Virtually every presidential campaign of the past three decades puts out a tax plan. The difference here is that candidates can now focus on that $3 trillion in giveaways to the wealthy, while pocketing the unwise deductions Republicans already swept away. With Republicans slashing taxes so irresponsibly and in such an unpopular manner, the next Democratic leader can simply call to “repeal the Trump tax cuts,” and transfer the windfall to worthwhile initiatives.

Unfortunately, when Democrats get into power they suddenly get cold feet about repealing their predecessors’ bills. Take the Bush tax cuts, which also tilted toward the rich. President Barack Obama and Democrats in Congress had a golden opportunity to repeal those tax cuts twice and put the money toward new priorities. The key provisions were on the verge of expiring in 2010 and 2012. But Democrats first extended them and then made permanent all but the rates at the very top, squandering the opportunity. The inheritance tax today is lower than it was before the Bush plan.

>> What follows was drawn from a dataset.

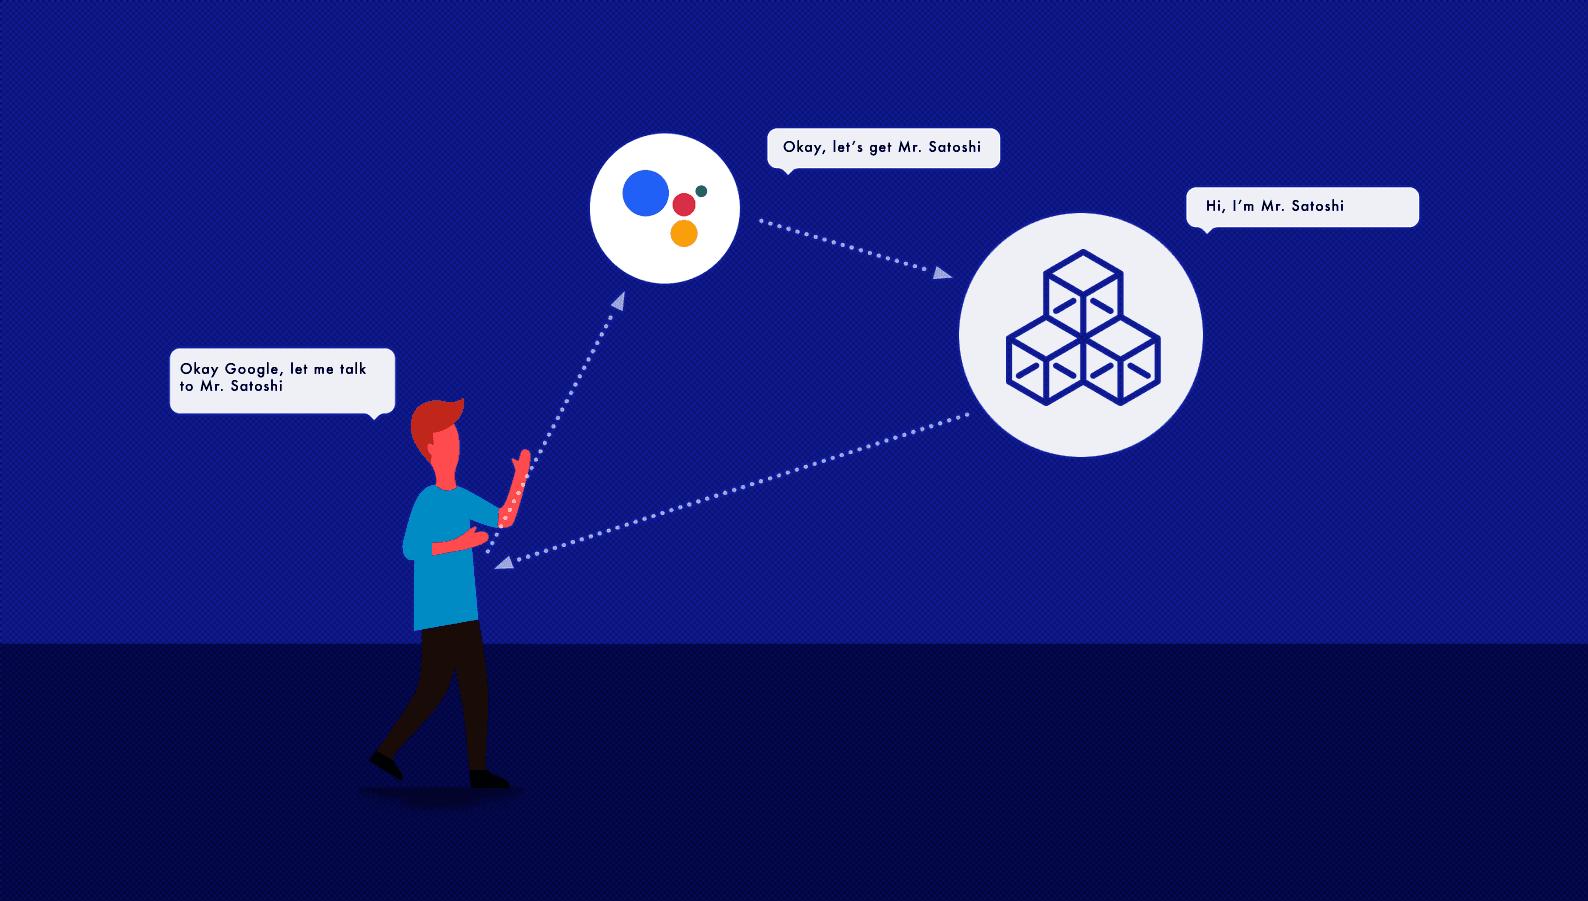 Google asistan sunucu konuşmaları

There are some caveats to the story. It would have been unwise to increase taxes as the economy recovered, though if those taxes were funneled into direct spending, the effect on the economy would be unchanged. The 2012 deal came when Republicans controlled the House, so Democrats needed to compromise. And most important, there were desirable middle-class tax cuts embedded in the Bush plan.

But the Trump tax cuts have no such distinction, as $3 trillion goes almost entirely to the wealthiest among us. And our politics have changed. The left wants bold ideas and new programs to solve the nagging problems that have decimated the middle class. They won’t settle for partial repeal. The Trump debacle offers a window of opportunity, but only if Democrats can identify and take advantage of it.